Tuesday, September 25, 2018
Court of Appeal:
Odor of Marijuana in Vehicle Was Factor Justifying Pat-Down Search of Passenger
Says 2016 Legalization of Possessing Small Amounts of Substance for Personal Use Did Not Preclude Pat-Down and Vehicle Searches in Part Based on That Factor
By a MetNews Staff Writer
The odor of marijuana emanating from a vehicle was a factor police were entitled to take into account in deciding to conduct a pat-down search of the passenger in a car that had been stopped, when coupled by his furtive movements and fidgeting, his baggy coat under which a firearm could be concealed, and the encounter occurring in a high-crime area, the Court of Appeal held yesterday.
Writing for the First District’s Div. One, Justice Robert L. Dondero said a San Francisco Superior Court judge did not err in declining to suppress evidence that a semiautomatic gun was found on the person of the passenger, Calvin Bernard Fews, who pled guilty to being a felon in possession of a firearm.

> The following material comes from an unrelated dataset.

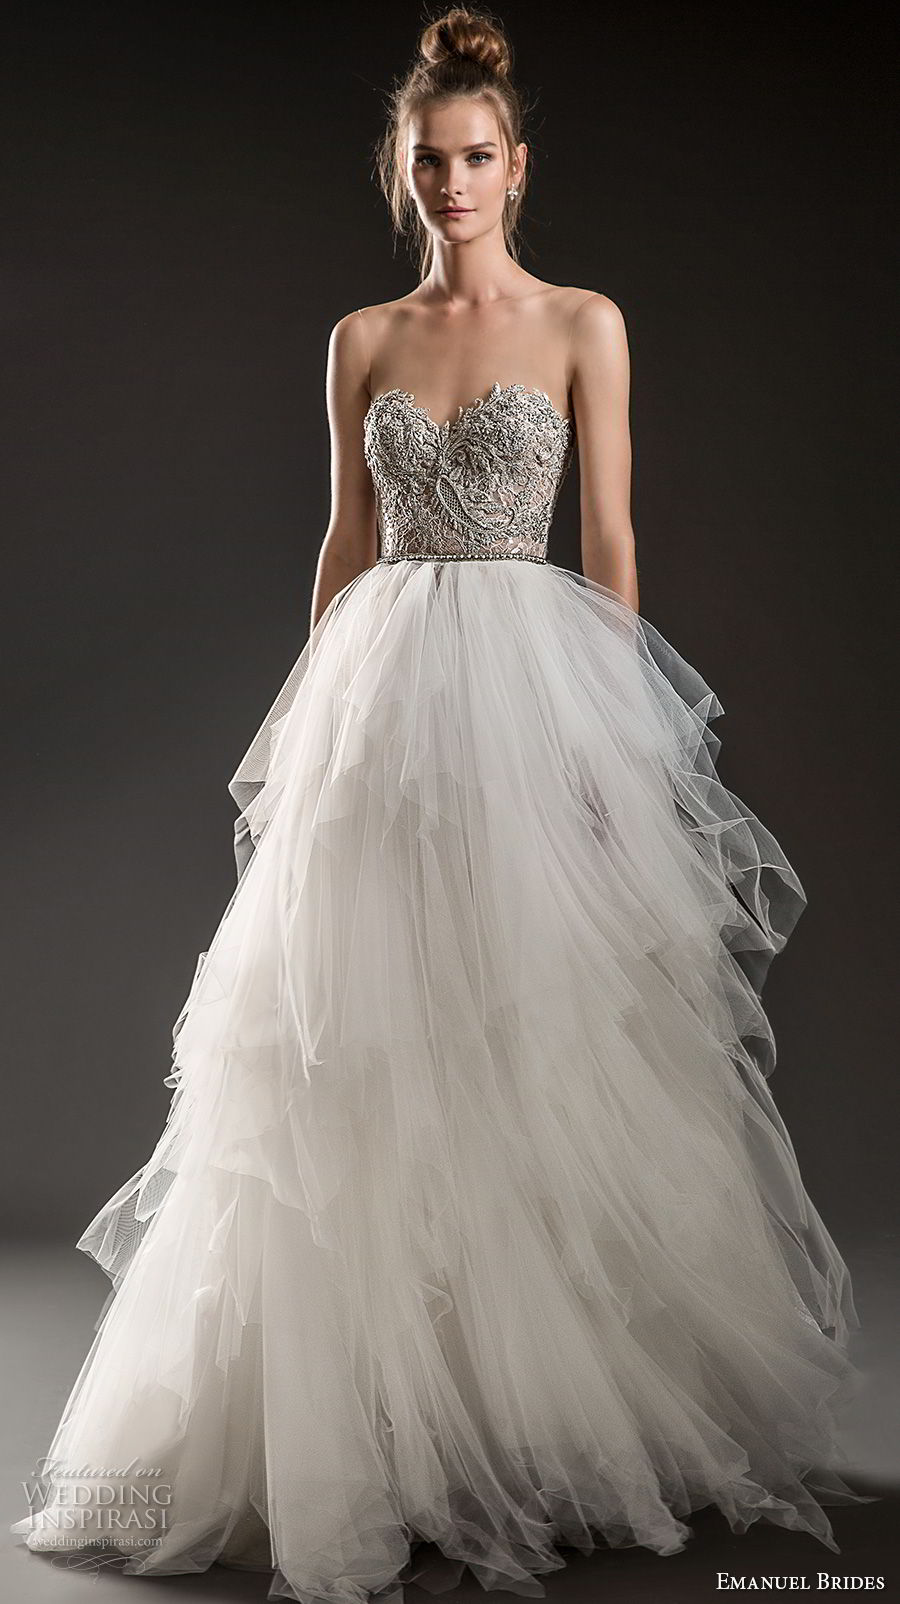 emanuel brides 2018 bridal strapless sweetheart neckline heavily embellished bodice tulle layered skirt romantic glamorous a  line wedding dress sweep train (04) mv

The fact that possession of small amounts of marijuana was legalized in 2016 by Proposition 64, Dondero said, did not mean that at the time of the 2017 search, the presence of that substance in a vehicle could not serve as a factor raising suspicions, Dondero wrote.
Actions of Driver
The vehicle was stopped after police, in a marked car, saw an SUV speed up, then pull to the curb in a red zone. Based on experience, San Francisco Police Officer Dominic Vannucchi, this led him to suspect the driver wanted to avert a traffic stop—and that his suspicion was heightened when the driver, Lindell Mims, alighted from the vehicle before being asked to do so, then refused get back in the SUV.
The officers could not see Fews’s hands, but he was reaching near the passenger compartment.
Mims admitted there was marijuana in a half-burnt cigar in the vehicle.
Fews was ordered to exit the vehicle, according to testimony, so that the vehicle could be searched, as well as Fews, to determine if he was armed.
Totality of Circumstances
In explaining the affirmance of the conviction, Dondero wrote:
“On appeal, Fews attempts to ‘divide and conquer’ each of these factors as not sufficient in and of itself to justify the patsearch. However, our analysis is based on the totality of the circumstances and not picking each factor apart separately. …Taken together, Mims’s evasive and uncooperative conduct, combined with the high-crime area in which the traffic stop took place, the odor and presence of marijuana, and Fews’s continuous and furtive movements inside the SUV, were sufficiently unusual to raise the officers’ suspicions that Mims and Fews were involved in criminal activity related to drugs and could be armed.”
In light of Proposition 64, Fews argued, possession of a small amount of marijuana could not rationally give rise to a suspicion of criminality. Dondero responded:
“We think this contention overstates the effect of Proposition 64. It remains unlawful to possess, transport, or give away marijuana in excess of the statutorily permitted limits, to cultivate cannabis plants in excess of statutory limits and in violation of local ordinances, to engage in unlicensed ‘commercial cannabis activity,’ and to possess, smoke or ingest cannabis in various designated places, including in a motor vehicle while driving.”
He said the “possibility of an innocent explanation for the possession of marijuana” does not require taking it into account in assessing the need for a search, explaining:
“Because marijuana possession and use is still highly circumscribed by law even after the passage of Proposition 64, the odor and presence of marijuana in a vehicle being driven in a high-crime area, combined with the evasive and unusual conduct displayed by Fews and Mims as discussed above, were still reasonably suggestive of unlawful drug possession and transport to support the…frisk.”
The continued regulation of marijuana, the jurist said, justified the vehicle. The legality of that search, he reasoned, “provides additional support for the validity of the patsearch of Fews on officer safety grounds because, as the magistrate found, the vehicle search would have left one of the officers outnumbered by Mims and Fews, who was wearing baggy clothes that could conceal a weapon.”
The case is People v. Fews, A151727.